Crap. Today wasn't a good day. I woke up in a real low mood for some reason. I don't know what happened to my confidence, but it just wasn't there today. This girl is sooo hot and I don't want to blow it. She's always tapping me on the back when she passes me in the halls, all I can do is smile at her. Other than that I feel like a retard when she talks to me especially in front of all my teammates (shes our scorekeeper). She even asked me if I was feeling ok because of the way I was acting. Even though she was probably joking, it still sucked. Damn this anxiety.

Oh well, it was only one day. I plan on making a rebound. 

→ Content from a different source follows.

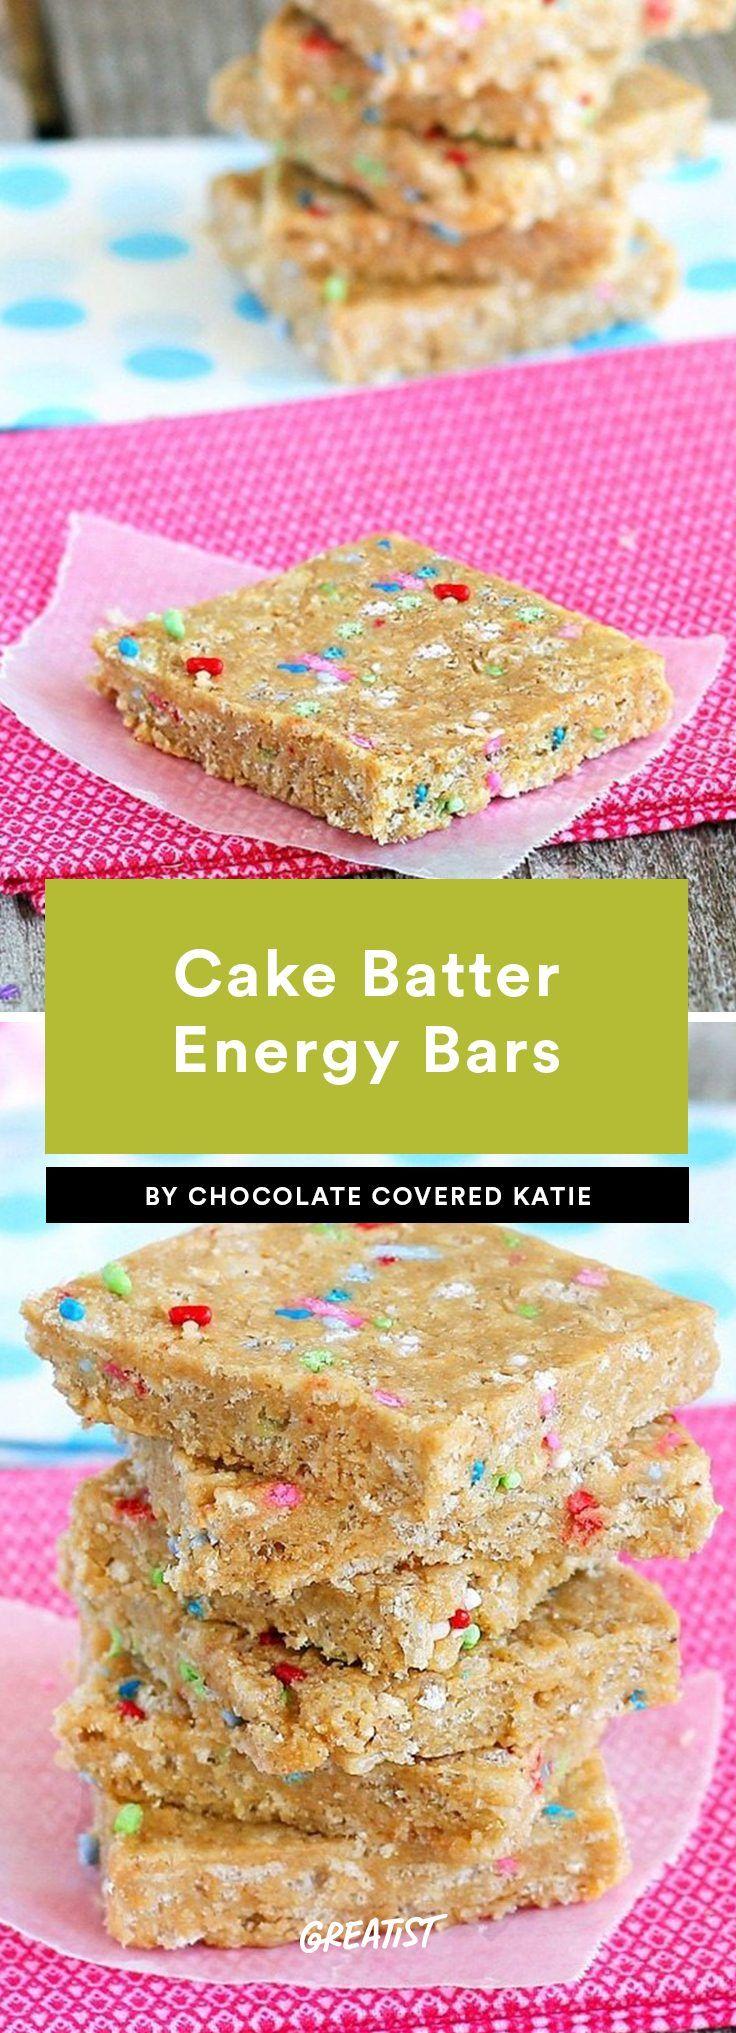 cake batter flavored protein powder

Did I mention this girl is really hot?


----------



## User

^ Definitely been there man. It sucks having to struggle with SA when a girl, an attractive one at that, shows interest in you. I don't have any advice for you, just my sympathy.


----------



## Redefine

Wow, I just learned today that just about everybody heard about this. Some of my friends were saying I should be one of those phone sex people for a career (hahaha). Most of them are cheering me on, which kind of puts more pressure on me. I just keep telling myself I don't have to prove anything to anyone. They said they are taking me out this saturday night to get me drunk. I'm actually really good with girls when I'm under the influence so we'll have to wait and see what happens... :yes


----------